Task goal: I'd like the entire listing output verbatim, apart from the pictures.

Input data:
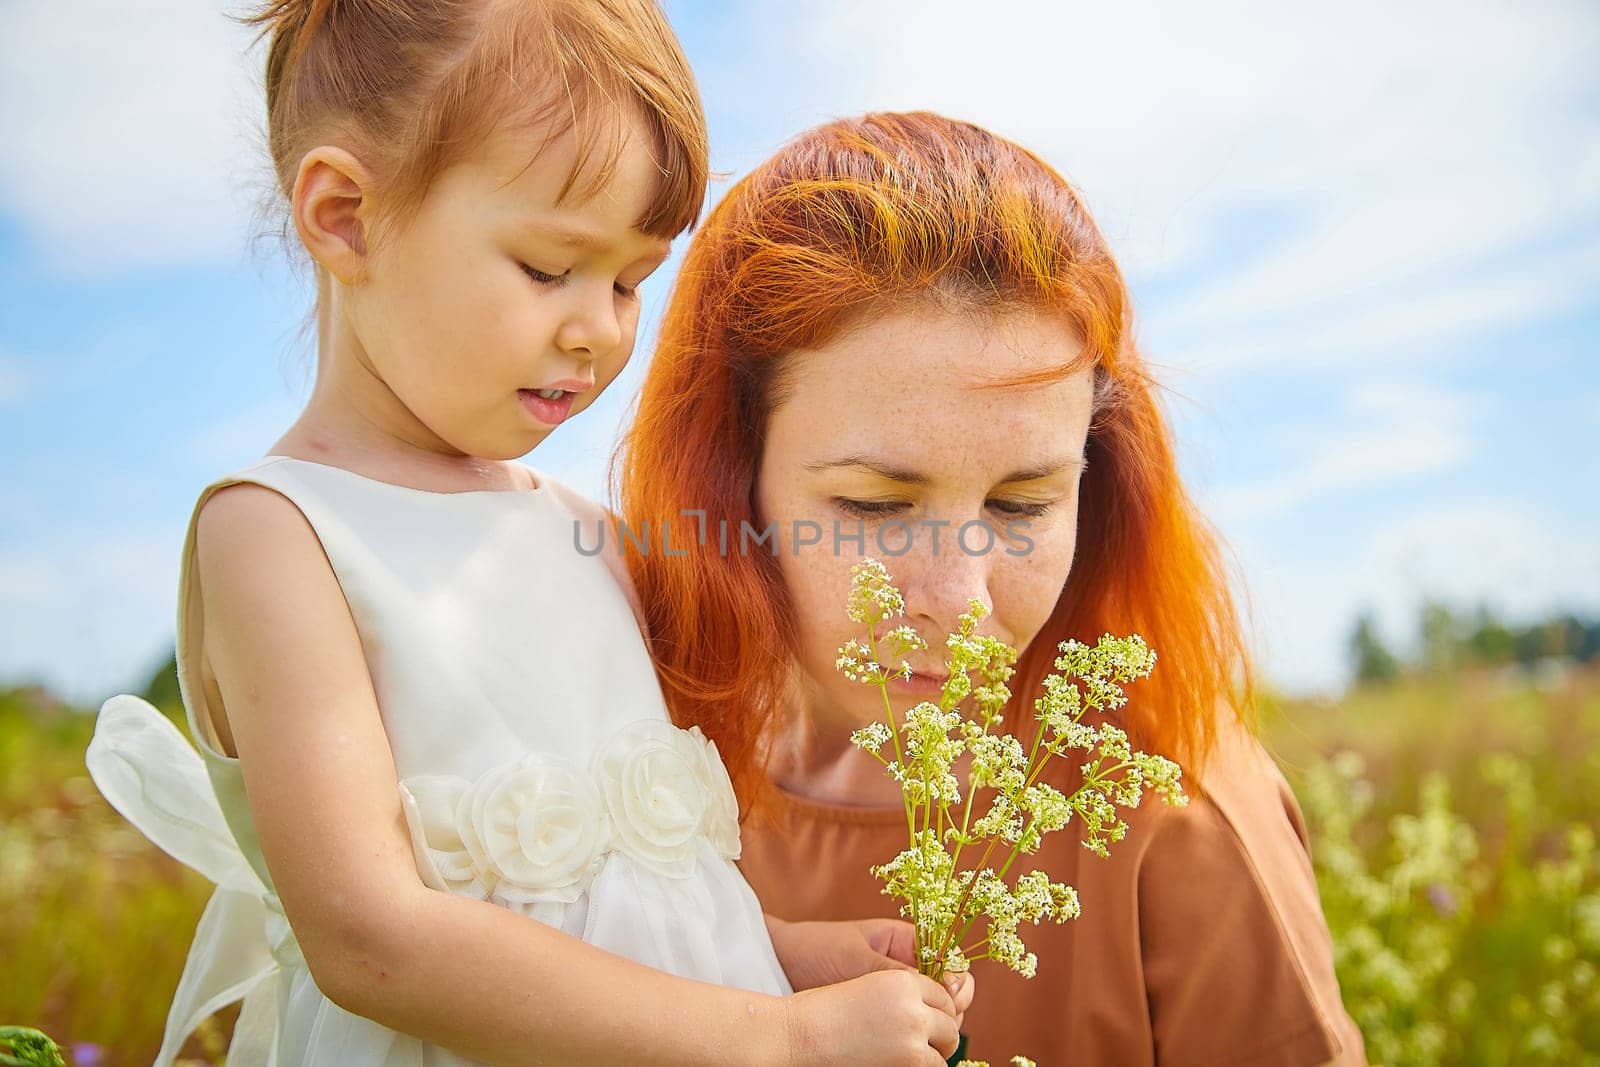 Happy female family with mother and daughter on green and yellow meadow full of grass and flower. Woman with red hair and blonde girl having fun, joy and hug in sunny summer day. Concept family love
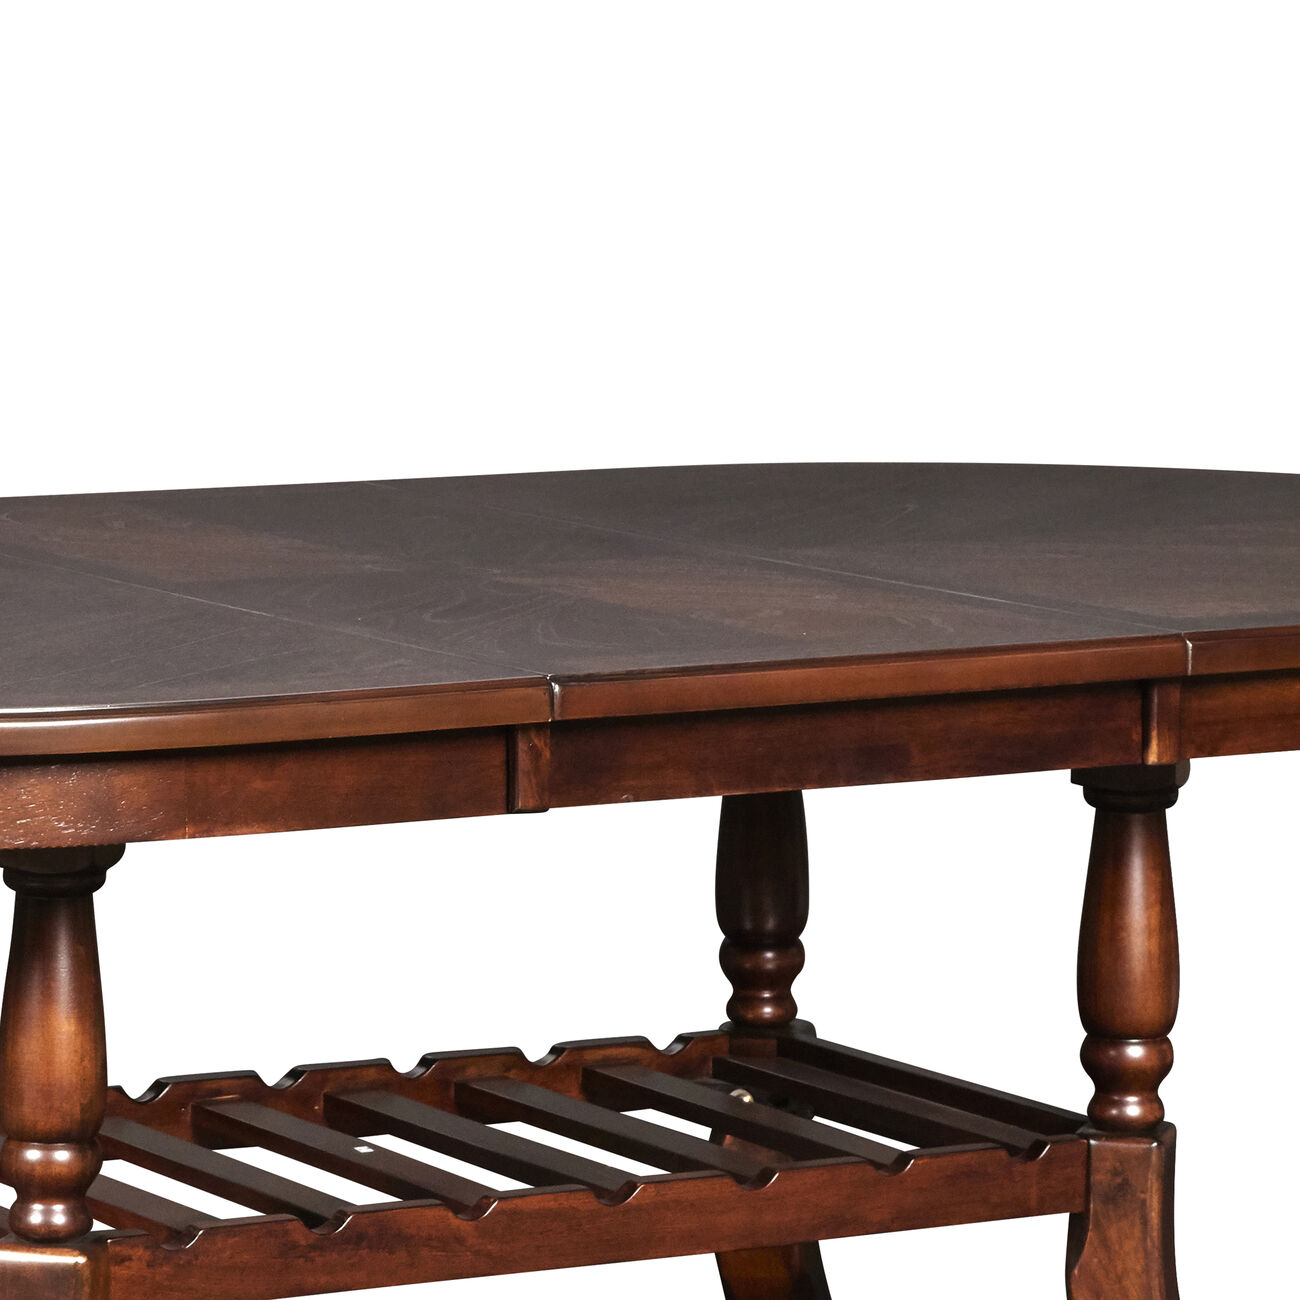 Wooden Oblong Top Extendable Dining Table with 2 Open Shelves, Brown
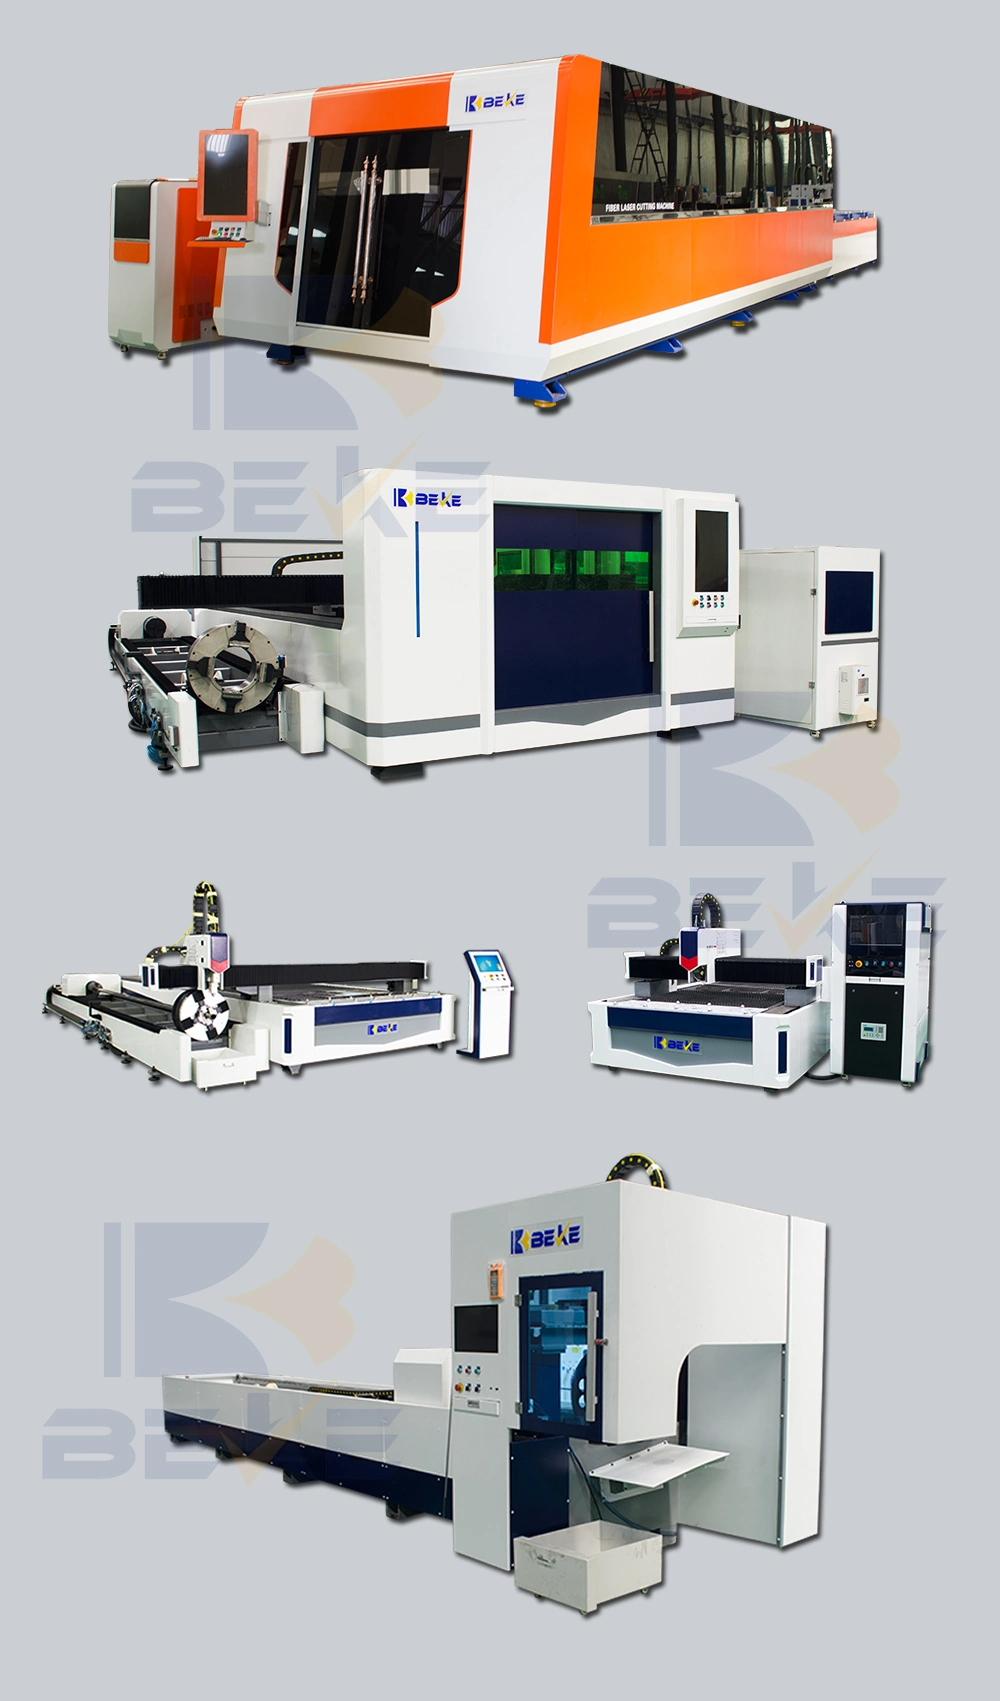 Beke Brand Best Selling 6020 Double Work Table Iron Sheet Fiber Laser Cutting Machine with CE

Exercise response:
 Happy female family with mother and daughter on green and yellow meadow full of grass and flower. Woman with red hair and blonde girl having fun, joy and hug in sunny summer day. Concept family love
 Wooden Oblong Top Extendable Dining Table with 2 Open Shelves, Brown
 Beke Brand Best Selling 6020 Double Work Table Iron Sheet Fiber Laser Cutting Machine with CE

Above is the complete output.